Disclaimer: - Do I have to tell you I don't own HP? Jeez, you're daft! Would I be here if I were J. K. Rowling? Well…maybe yes, because I love you guys so much.
I also do not own the song the Call, from the ending credits of the Chronicles of Narnia: Prince Caspian. Regina Spektor has the copyright to that, or I would have stolen it ages ago (along with Ben Barnes, the most handsome prince in my world).
A line from Angels and Demons just flew into my mind when I was writing the end, and to be on the safe side, it's owned by Dan Brown. Yep, I know. Shocking!
And, unfortunately, I'm not making any money from this.
Did I cover all the bases? Check.
Author's Note: - I was just reading cannon the other day, and the part where Harry finds Lily's letter and stares at it in DH made me ache. I wanted him to have a bit more of his mum with him, so I came up with this.
NO NEED TO SAY GOODBYE
BACKGROUND: - Harry inherited the Potter family vault on his seventeenth birthday, but got around to looking through it after Voldemort's death. A true treasure he finds there is a letter from his mother—addressed to her unborn child.
Dear baby,
I'm sorry for calling you a baby, I'm sure that's not what you would like to be called at seventeen.
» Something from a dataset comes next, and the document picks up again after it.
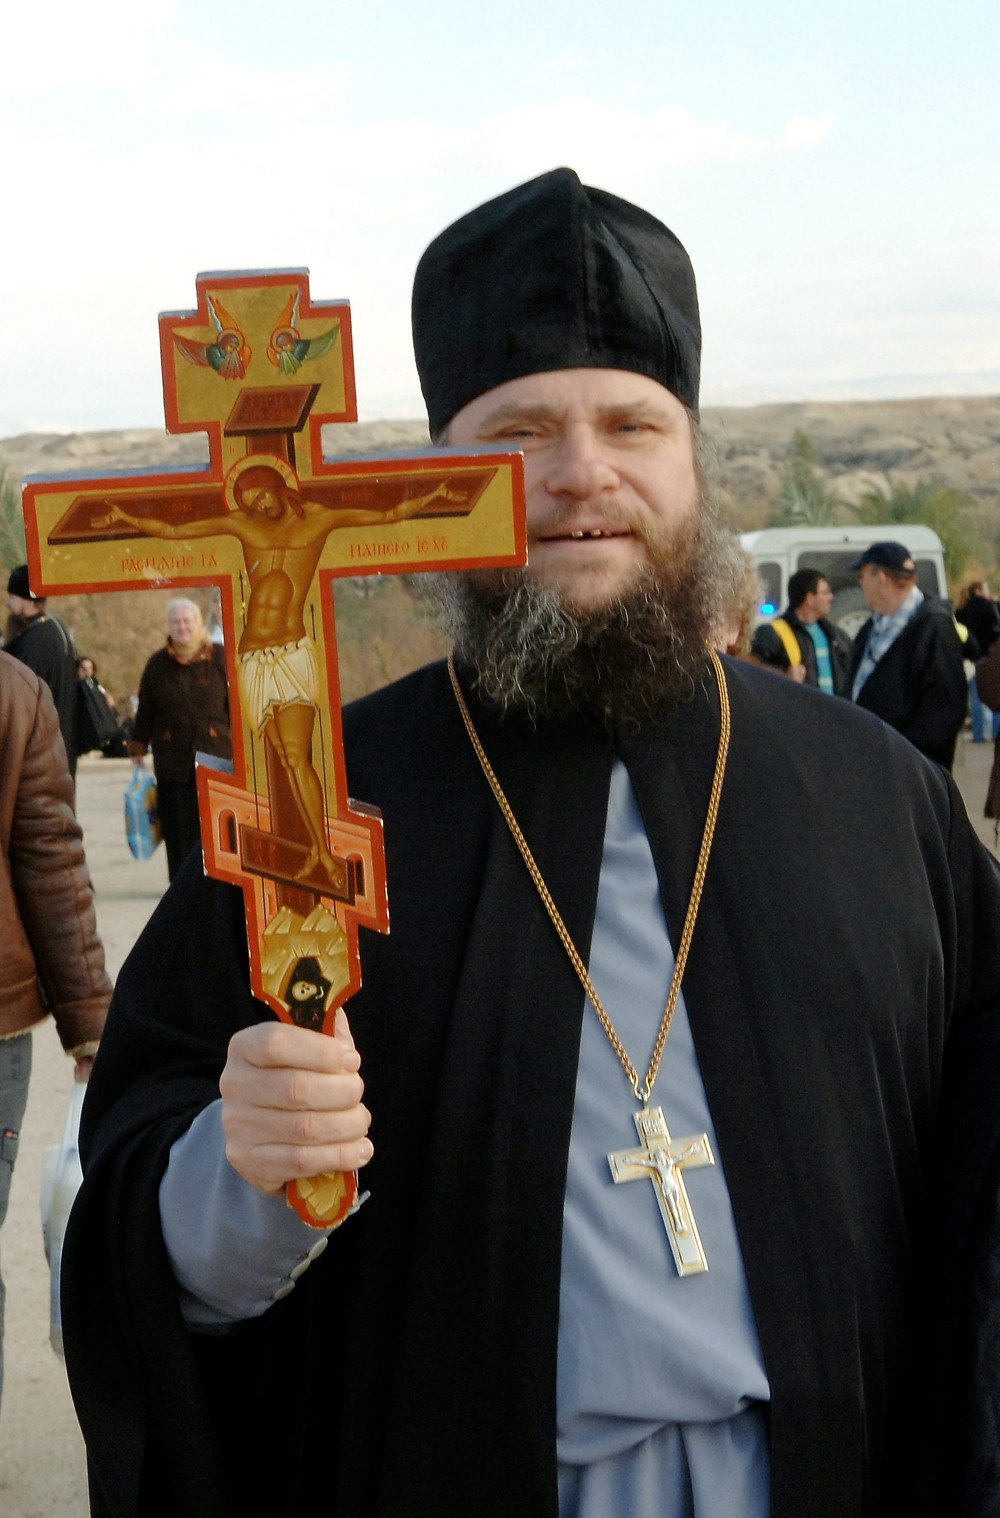 Illustration: Christian Orthodox Priest (Image credit: Milner Moshe/Government Press Office of Israel)

Dumbledore arrived last week, saying he fears for your life, and ours. You are due in July, and some prophecy about a child born in July puts us in grave danger. I cannot tell you the prophecy, due to matters of secrecy, but I trust Dumbledore to do that at the appropriate time.
I'm so scared, love. You are too precious to us. Too precious to have your death written out before you take your first independent breath. I have a feeling that we're going to die, and leave you alone in the world. I haven't told James yet that I feel we'll die this time. We've fought Voldemort thrice before, but I can't tell Prongs about my premonitions. We are the only family he has, little one. He is a nervous wreck since last Tuesday.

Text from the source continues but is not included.